__WHAT THE EXERCISE ASKS__.
Print the lines in the listing below that fall between the line with "The Mummy Returns" and the line with "Família real remove", those two lines included, exactly as they stand and with nothing else.

__PROVIDED RECORDS__.

====

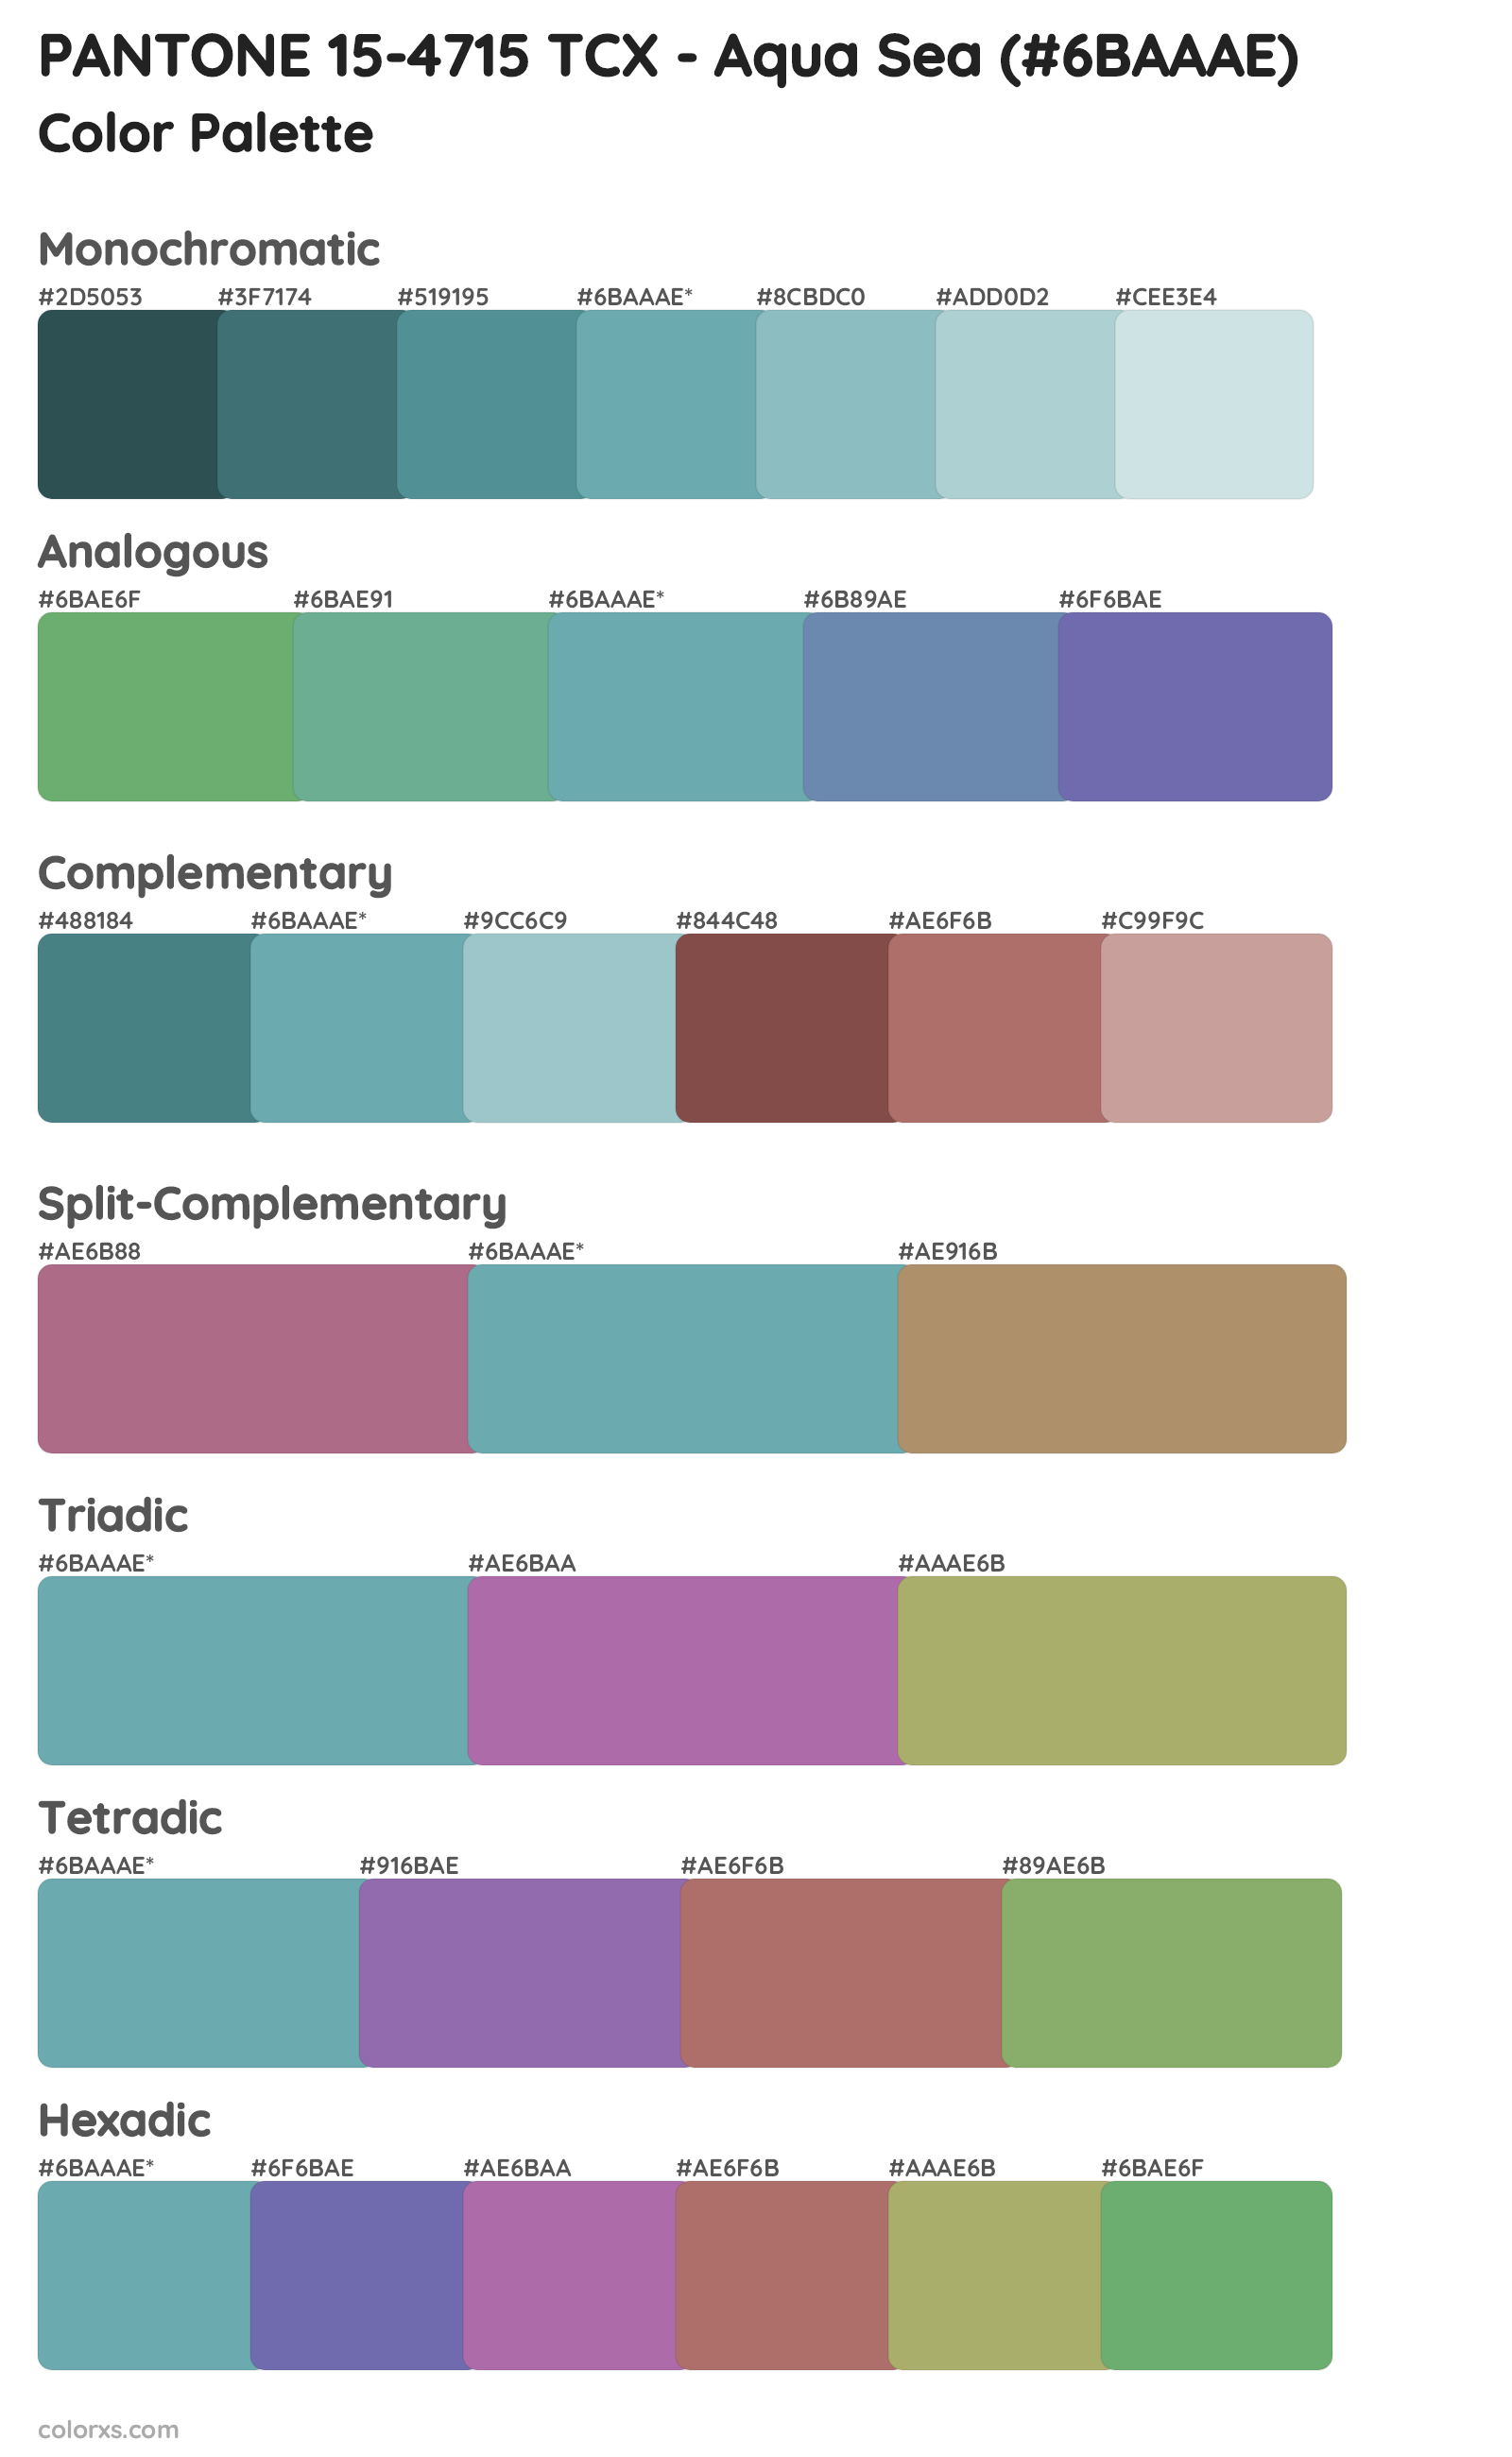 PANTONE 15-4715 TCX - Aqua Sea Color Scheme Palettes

====

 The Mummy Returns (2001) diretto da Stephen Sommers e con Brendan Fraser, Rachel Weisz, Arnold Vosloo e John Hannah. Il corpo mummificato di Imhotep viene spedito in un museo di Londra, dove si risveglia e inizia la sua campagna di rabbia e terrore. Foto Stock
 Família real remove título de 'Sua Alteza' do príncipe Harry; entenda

====

__ANSWER SPACE__.
 The Mummy Returns (2001) diretto da Stephen Sommers e con Brendan Fraser, Rachel Weisz, Arnold Vosloo e John Hannah. Il corpo mummificato di Imhotep viene spedito in un museo di Londra, dove si risveglia e inizia la sua campagna di rabbia e terrore. Foto Stock
 Família real remove título de 'Sua Alteza' do príncipe Harry; entenda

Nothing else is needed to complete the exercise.